If your idea of a train journey is to travel in style, with a dining car and no border formalities, never take the night train from Tbilisi to Baku.
Who knows whether the EU’s Schengen borderless zone will survive, but right now travellers in Europe are spoilt. Going by train in April from Poland to Slovakia I didn’t know when I had left one and entered the other. Travelling from Tbilisi to Baku, the capital of Azerbaijan, is a different story.
Let me give a short account. I bought my ticket at Tbilisi Central a day ahead and chose second class for 60 lari ($26). Three classes of travel were on offer and with my ticket I would get a place in a four-berth sleeper.
Train journeys always say something about a country’s priorities. Tbilisi Central is not in great shape.
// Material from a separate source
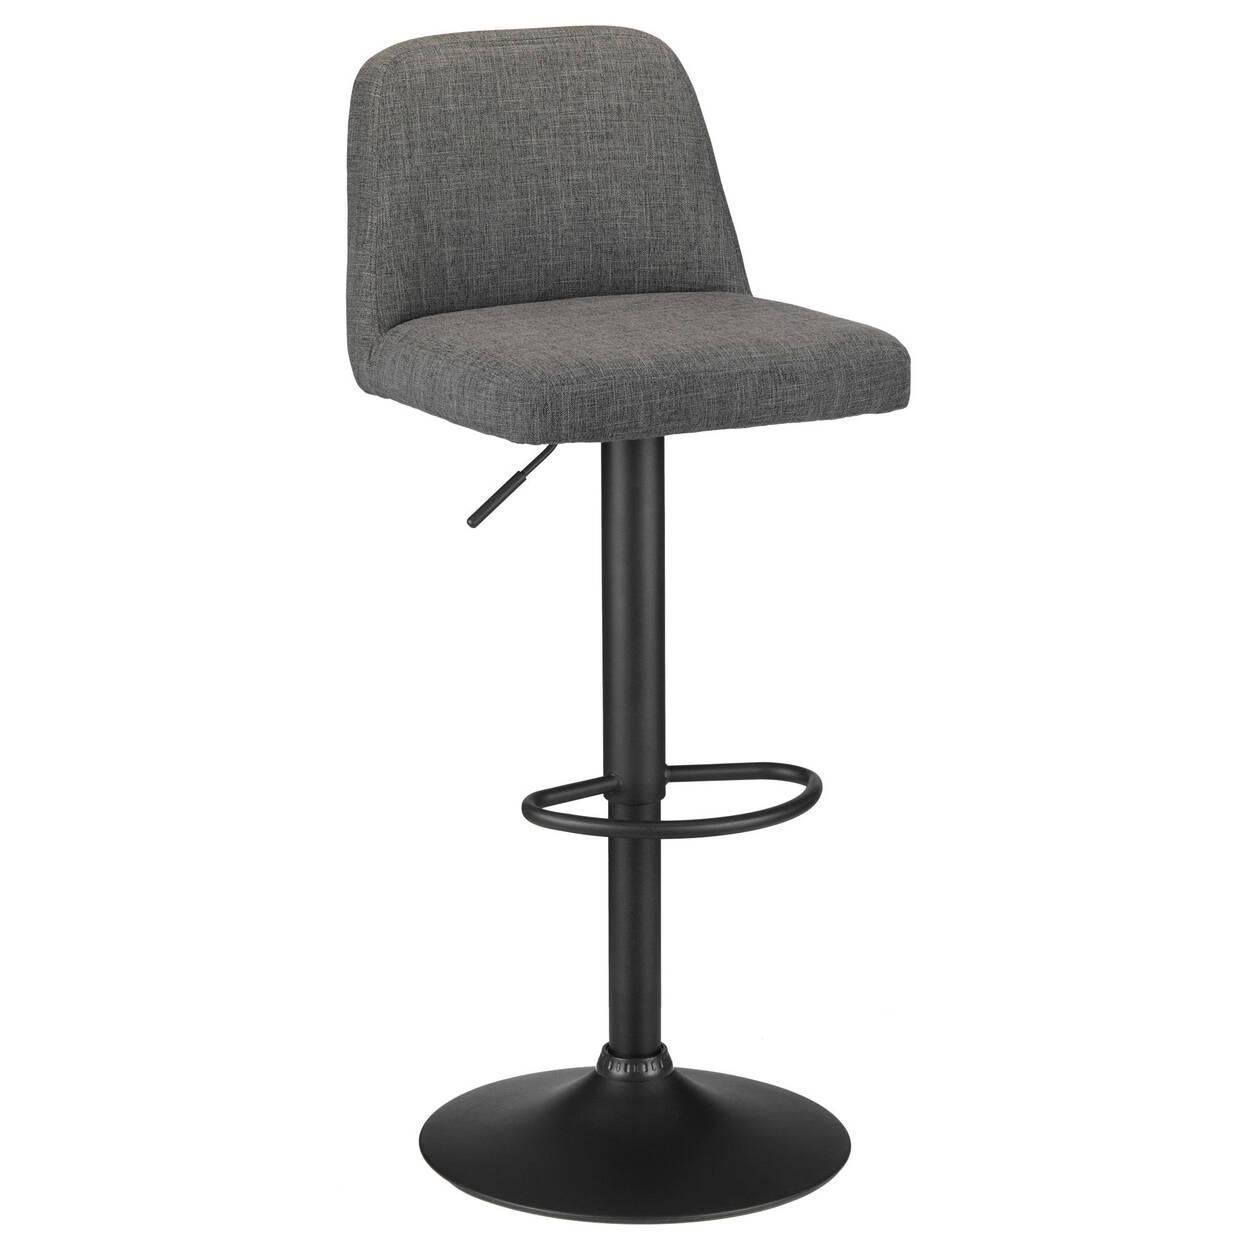 Peachy Chita Fabric And Metal Adjustable Bar Stool Short Links Chair Design For Home Short Linksinfo
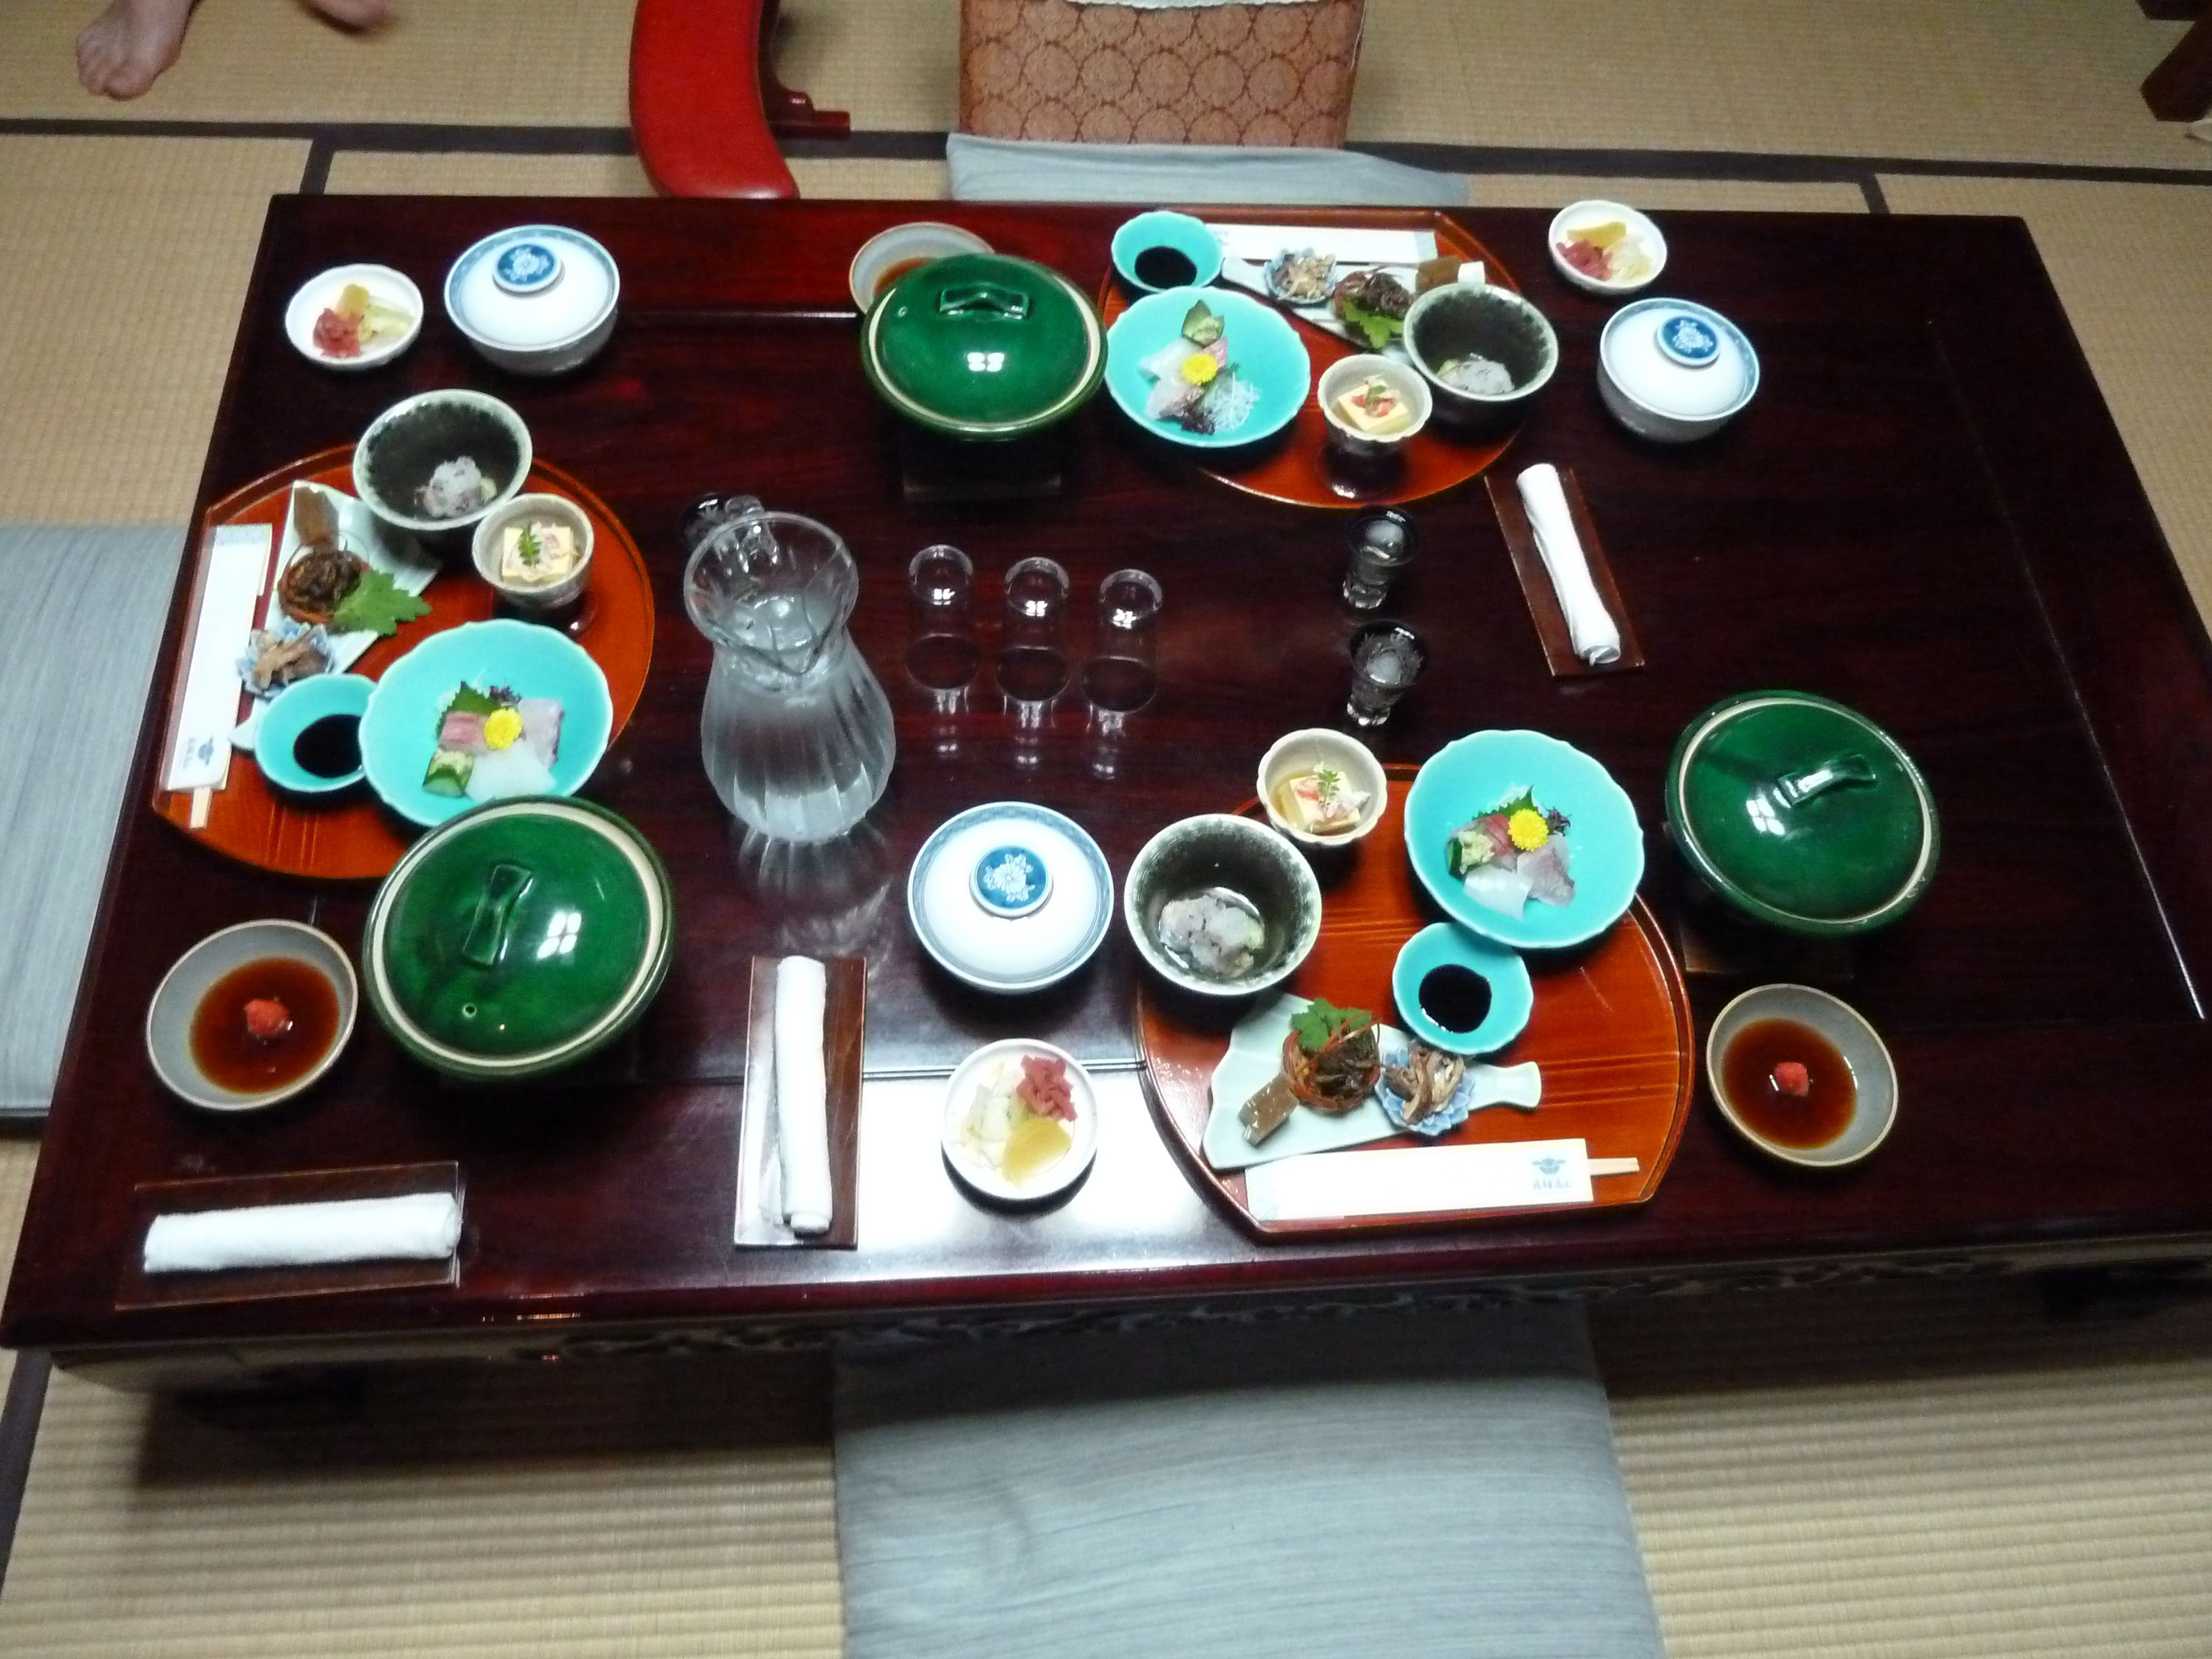 Repas au ryokan, à Takayama

The platforms look as if they were hit years ago by slight earth tremors and never repaired.
The train, with carriages painted green and cream, left smack on time at 4.30 p.m. The timetable listed 50 stops (yes, 50) between Tbilisi and Baku. Not an express then. Travelling time was due to be 14 hours 40 minutes, to cover 551 km. My companions were three affable Azeri young men who told me Baku was much nicer than Tbilisi.
There was no dining or buffet car, but when we arrived at the Georgian border we were able to buy drinks and snacks at little shops in the station, where we had a one-hour scheduled stop. Then we moved slowly to the Azerbaijan border, where we had another scheduled 60-minute stop. One border guard took my photo and another rummaged through my luggage, paying particular attention to reading matter in the best traditions of a police state.
At the Azerbaijan border it was pretty warm on the train and I went into the corridor at one point to get some air. A train stewardess whom I nicknamed the Gulag guard brusquely ordered me to “sit down” in my compartment. Not wishing to create an international incident I complied, but soon the corridor filled with sweat-soaked passengers yearning to be cool.
Eventually we got through the border and had some sleep under spotless bedclothes, but hours before arriving in Baku the Gulag guard knocked on our doors and insisted that we rise, so that she could gather the bedclothes.
The view outside was of scrub and low brown hills. The final approach to Baku was the best bit of the journey. The Caspian Sea came into view on the right of the train and on the left for a while was a lake with petrels, I think, swooping low over the water. Scattered over the landscape on both sides of us were dozens of “nodding donkeys” pumping oil. Very atmospheric!
We arrived in Baku one hour and five minutes late, making it a journey of 15 hours 45 minutes. I am glad I did the train ride, but once was enough. Taxis take half the time and if costs are shared work out as not very much more expensive.
I’ll never complain about Cardiff to Bangor ever again!!